┌─ EXERCISE DATA

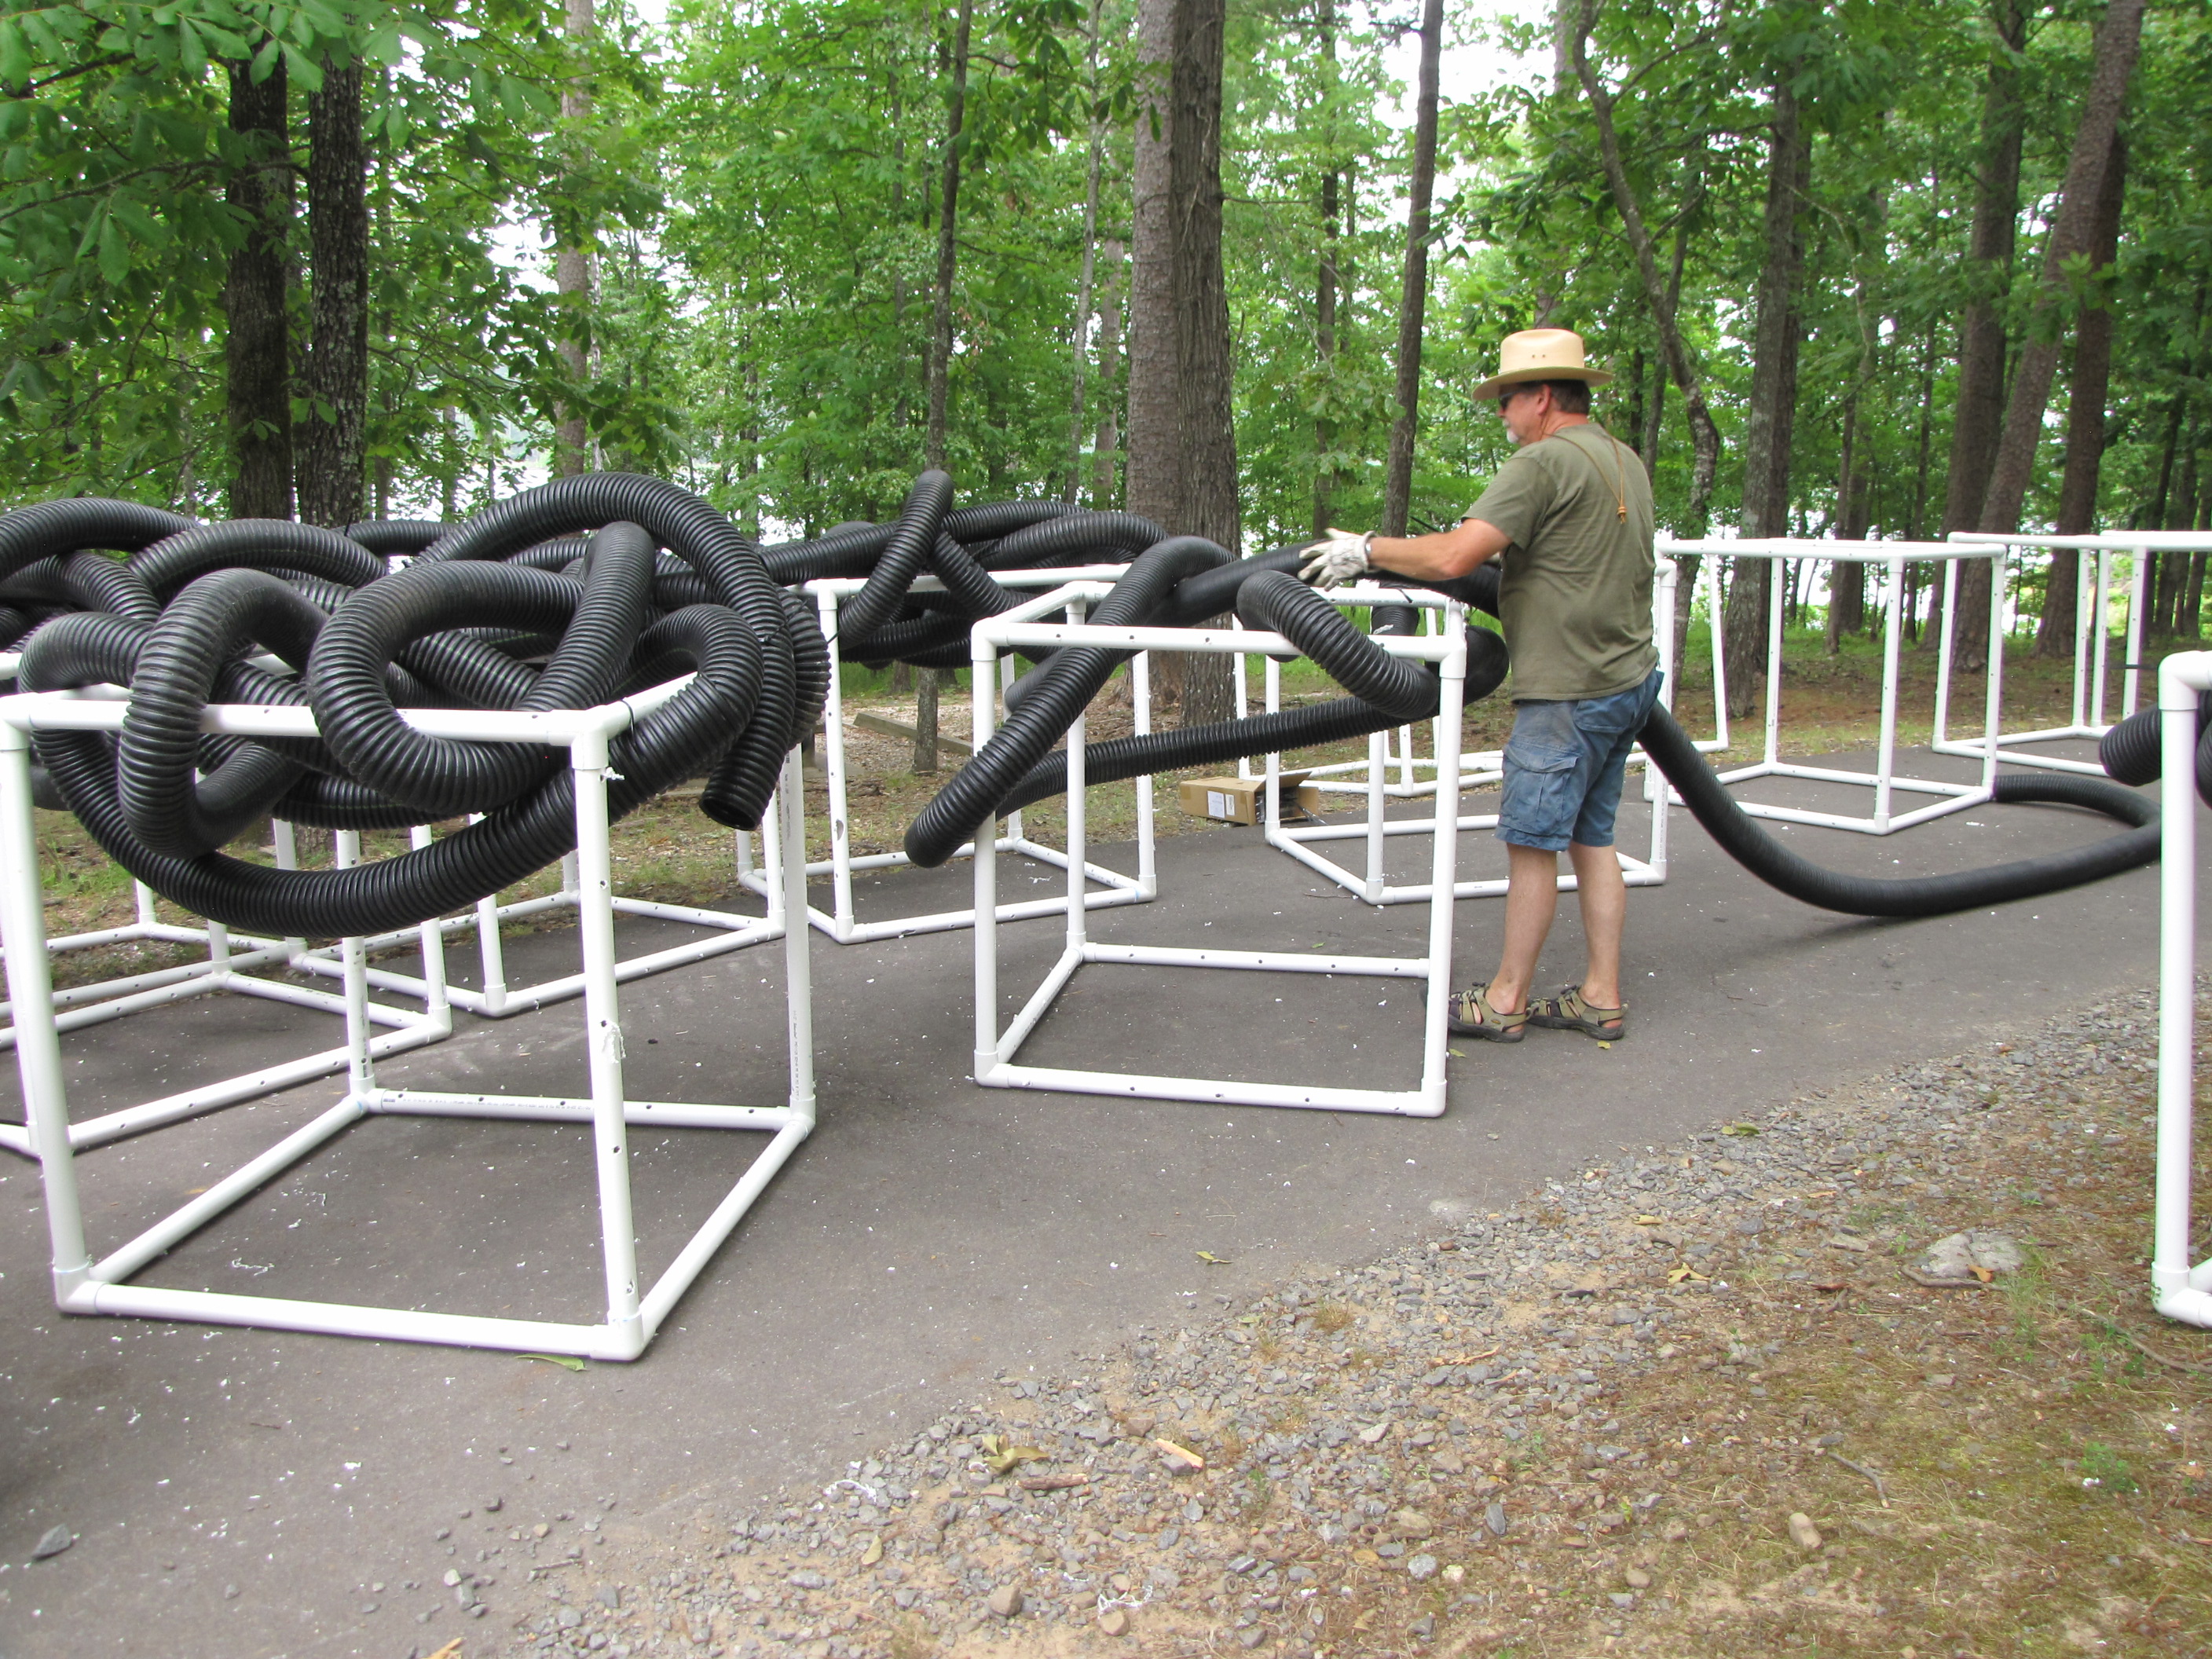 Courtesy of Arkansas Game and Fish Commission. Artificial habitat using PVC pipe and plastic tubing
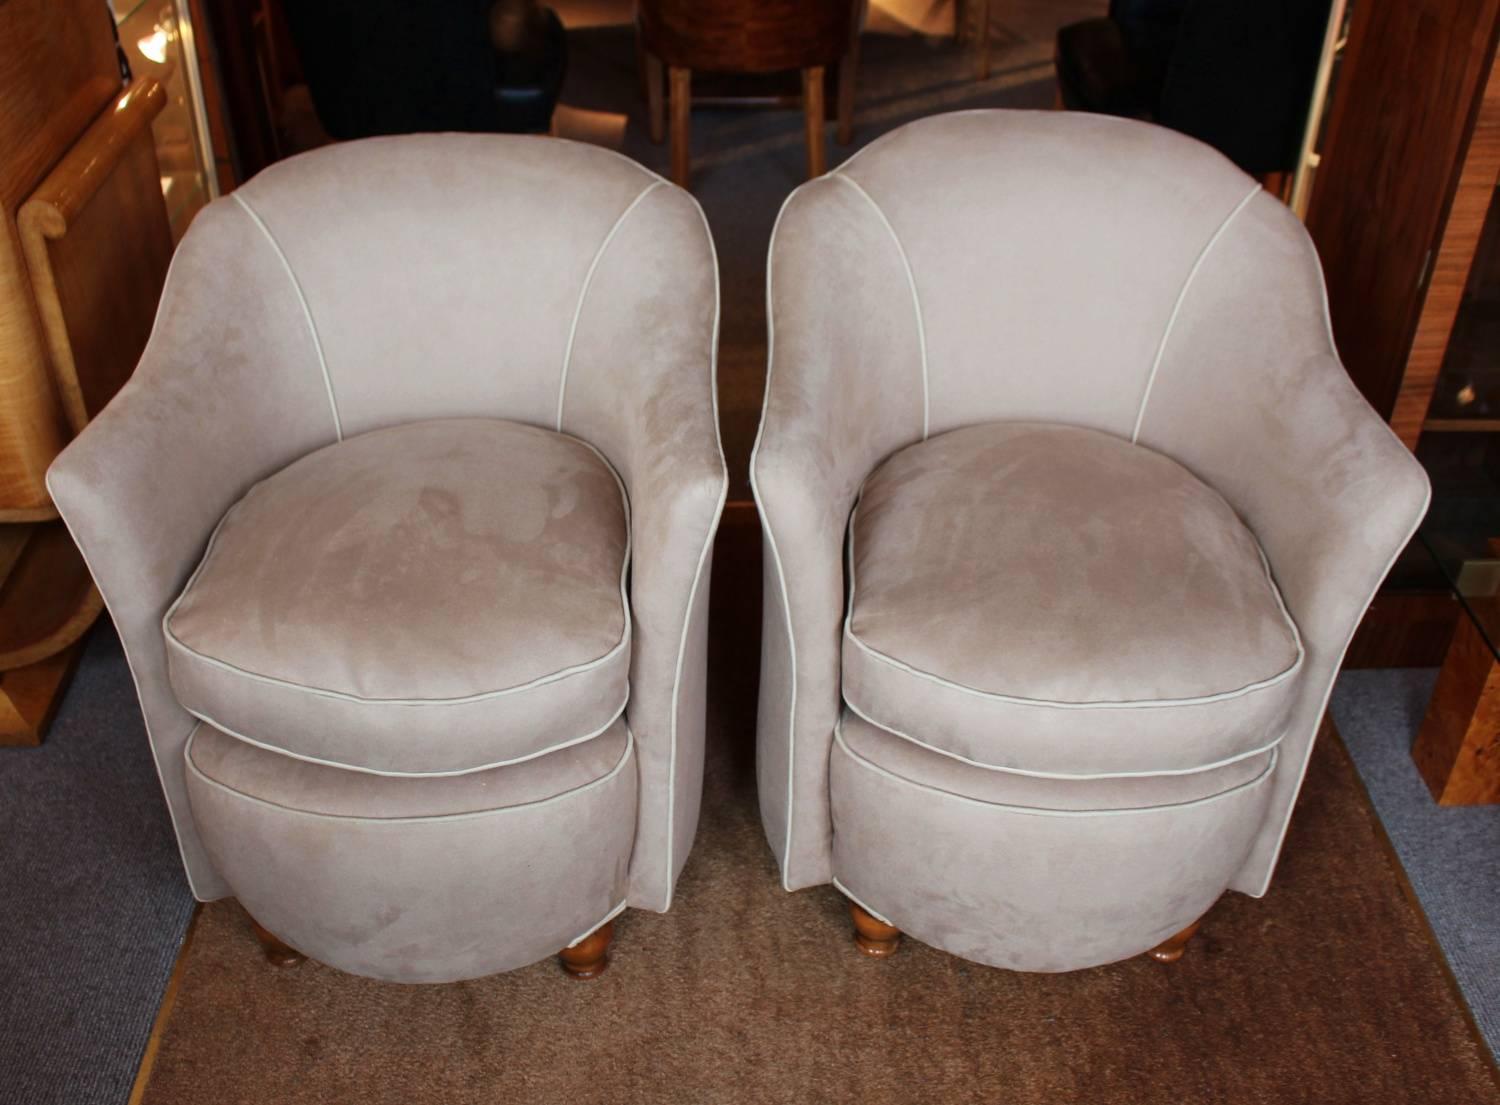 A pair of Art Deco tub chairs with shaped arms and turned wood legs. Upholstered in alcantara suede with contrast piping.

Measures: H 76cm, W 66cm, D 66cm, seat H 48cm, seat D 56cm.

 
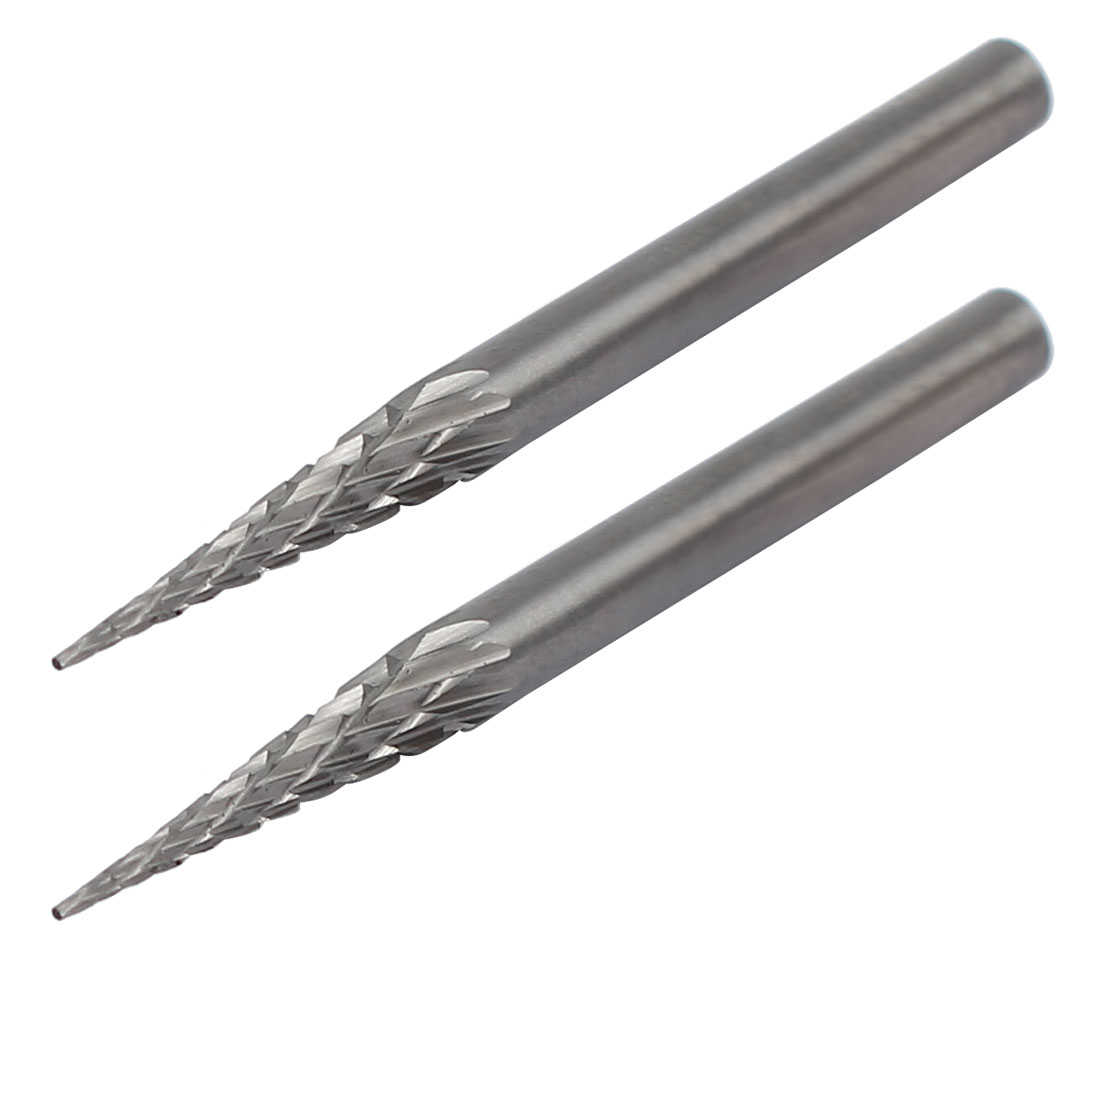 3mm Shank 3mm Dia Head Double Cut Arc Pointed Nose Shaped Rotary File 2pcs

└─

** YOUR OBJECTIVE **
Would you please set down the listing above exactly, minus its images?

** SOLUTION FOR THIS TASK **
 Courtesy of Arkansas Game and Fish Commission. Artificial habitat using PVC pipe and plastic tubing
 A pair of Art Deco tub chairs with shaped arms and turned wood legs. Upholstered in alcantara suede with contrast piping.

Measures: H 76cm, W 66cm, D 66cm, seat H 48cm, seat D 56cm.

 
 3mm Shank 3mm Dia Head Double Cut Arc Pointed Nose Shaped Rotary File 2pcs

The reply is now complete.